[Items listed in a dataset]

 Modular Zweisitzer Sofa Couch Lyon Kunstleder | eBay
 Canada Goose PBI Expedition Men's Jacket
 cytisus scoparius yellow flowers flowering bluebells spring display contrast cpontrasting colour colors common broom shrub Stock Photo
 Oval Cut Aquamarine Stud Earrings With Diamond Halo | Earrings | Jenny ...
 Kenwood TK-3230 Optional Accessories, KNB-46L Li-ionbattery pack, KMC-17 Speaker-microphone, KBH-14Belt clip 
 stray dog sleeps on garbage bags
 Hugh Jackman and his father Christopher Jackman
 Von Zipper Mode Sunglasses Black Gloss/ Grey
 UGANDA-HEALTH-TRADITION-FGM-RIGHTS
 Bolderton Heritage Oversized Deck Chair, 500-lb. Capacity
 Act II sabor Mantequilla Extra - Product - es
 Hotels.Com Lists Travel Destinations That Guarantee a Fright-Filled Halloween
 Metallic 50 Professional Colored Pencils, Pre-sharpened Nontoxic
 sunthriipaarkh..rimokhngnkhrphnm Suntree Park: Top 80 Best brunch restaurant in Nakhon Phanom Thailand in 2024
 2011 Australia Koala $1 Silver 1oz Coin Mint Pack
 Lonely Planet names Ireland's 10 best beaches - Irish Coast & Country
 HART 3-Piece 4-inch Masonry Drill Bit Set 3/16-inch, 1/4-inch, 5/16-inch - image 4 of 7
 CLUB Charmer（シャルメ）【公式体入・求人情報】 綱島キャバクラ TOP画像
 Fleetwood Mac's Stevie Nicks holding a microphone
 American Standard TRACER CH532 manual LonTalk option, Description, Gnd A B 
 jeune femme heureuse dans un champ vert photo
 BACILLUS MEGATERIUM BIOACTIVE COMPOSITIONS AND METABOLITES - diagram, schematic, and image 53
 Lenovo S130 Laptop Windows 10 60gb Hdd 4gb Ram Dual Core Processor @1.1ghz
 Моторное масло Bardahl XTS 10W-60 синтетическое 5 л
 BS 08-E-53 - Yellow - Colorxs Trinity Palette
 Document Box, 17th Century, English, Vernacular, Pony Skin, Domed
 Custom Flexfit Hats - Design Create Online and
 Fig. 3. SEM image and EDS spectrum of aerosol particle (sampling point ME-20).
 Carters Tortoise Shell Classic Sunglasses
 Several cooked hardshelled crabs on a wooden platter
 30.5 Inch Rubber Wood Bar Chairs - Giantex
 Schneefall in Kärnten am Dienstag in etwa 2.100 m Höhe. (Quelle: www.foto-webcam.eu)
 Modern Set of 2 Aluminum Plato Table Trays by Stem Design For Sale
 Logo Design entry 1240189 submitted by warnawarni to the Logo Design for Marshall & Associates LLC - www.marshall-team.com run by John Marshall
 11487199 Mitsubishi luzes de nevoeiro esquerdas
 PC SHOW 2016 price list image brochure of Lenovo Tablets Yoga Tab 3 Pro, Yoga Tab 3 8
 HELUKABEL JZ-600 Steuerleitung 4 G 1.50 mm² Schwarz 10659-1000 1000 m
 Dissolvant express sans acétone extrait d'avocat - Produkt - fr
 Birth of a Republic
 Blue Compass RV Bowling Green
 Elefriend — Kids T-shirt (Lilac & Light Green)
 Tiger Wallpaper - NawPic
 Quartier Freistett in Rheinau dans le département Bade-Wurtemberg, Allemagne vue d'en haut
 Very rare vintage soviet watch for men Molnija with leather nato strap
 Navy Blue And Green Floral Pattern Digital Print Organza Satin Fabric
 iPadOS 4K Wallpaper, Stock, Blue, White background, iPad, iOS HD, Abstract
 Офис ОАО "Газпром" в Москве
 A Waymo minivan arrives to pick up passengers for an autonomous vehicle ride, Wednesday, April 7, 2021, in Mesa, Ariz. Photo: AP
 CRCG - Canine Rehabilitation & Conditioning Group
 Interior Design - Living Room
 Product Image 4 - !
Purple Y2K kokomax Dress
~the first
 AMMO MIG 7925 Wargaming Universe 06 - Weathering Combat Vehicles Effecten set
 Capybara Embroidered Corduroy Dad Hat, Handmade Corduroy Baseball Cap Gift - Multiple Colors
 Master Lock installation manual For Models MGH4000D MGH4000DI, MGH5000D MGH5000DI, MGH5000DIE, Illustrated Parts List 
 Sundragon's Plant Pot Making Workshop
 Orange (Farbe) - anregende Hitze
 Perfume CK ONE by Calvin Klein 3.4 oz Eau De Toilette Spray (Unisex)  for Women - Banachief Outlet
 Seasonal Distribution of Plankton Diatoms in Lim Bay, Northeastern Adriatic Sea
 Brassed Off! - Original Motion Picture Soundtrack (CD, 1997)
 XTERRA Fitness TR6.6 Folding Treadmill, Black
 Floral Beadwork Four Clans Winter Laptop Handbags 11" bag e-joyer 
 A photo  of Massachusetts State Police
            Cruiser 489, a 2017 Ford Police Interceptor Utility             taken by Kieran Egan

▶ **WHAT IS NEEDED**
Your answer should consist of every line from the entries that holds "Laptop".

▶ **SOLUTION BELOW**
 Lenovo S130 Laptop Windows 10 60gb Hdd 4gb Ram Dual Core Processor @1.1ghz
 Floral Beadwork Four Clans Winter Laptop Handbags 11" bag e-joyer 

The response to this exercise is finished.